AIM OF THE TASK: Please return only the lines from the one holding "Cinturón estimulador eléctrico" through the one holding "Nissan GTR 1536x960", exactly as they appear in the records below, both ends included.

---------- EXTRACTED ENTRIES ----------

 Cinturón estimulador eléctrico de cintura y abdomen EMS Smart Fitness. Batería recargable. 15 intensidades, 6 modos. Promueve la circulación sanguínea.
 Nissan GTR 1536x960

----------
---------- EXTRACTED ENTRIES ----------

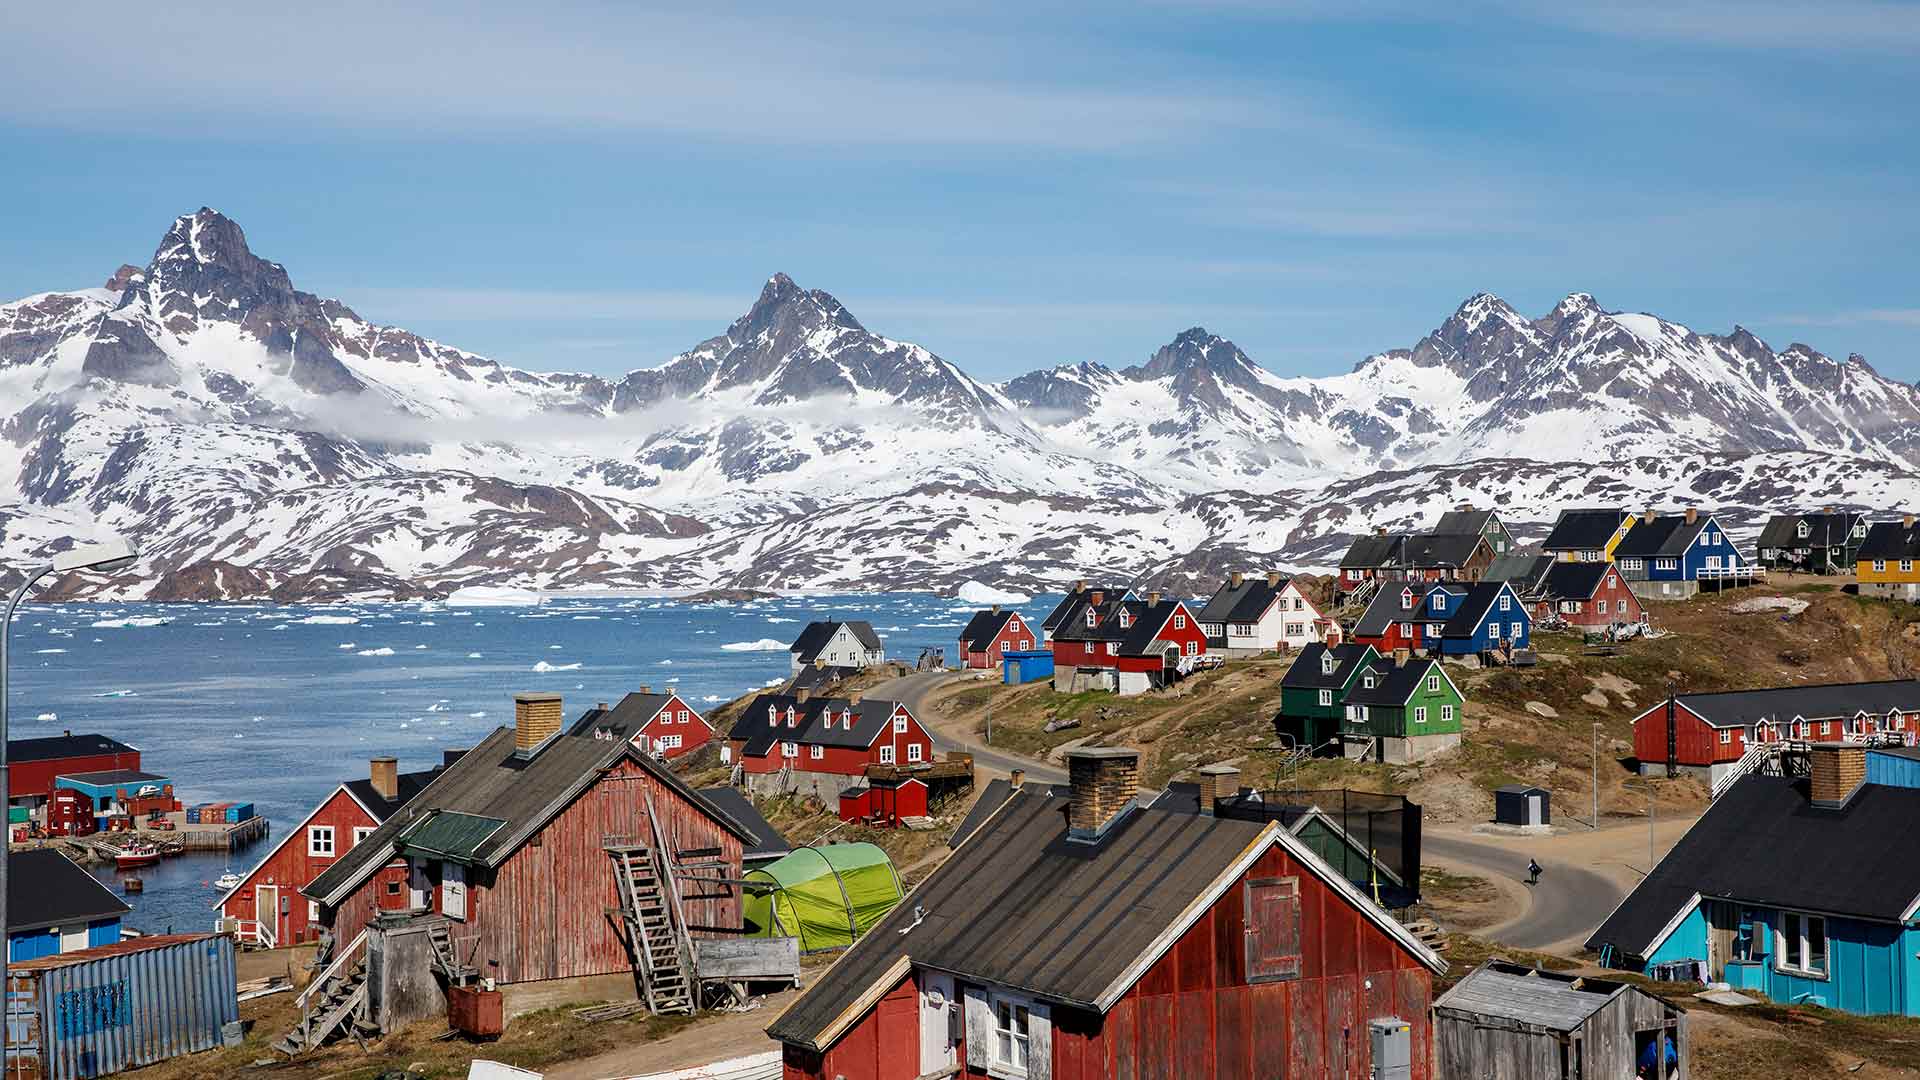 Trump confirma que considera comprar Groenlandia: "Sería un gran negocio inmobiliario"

----------

REPLY:
 Cinturón estimulador eléctrico de cintura y abdomen EMS Smart Fitness. Batería recargable. 15 intensidades, 6 modos. Promueve la circulación sanguínea.
 Nissan GTR 1536x960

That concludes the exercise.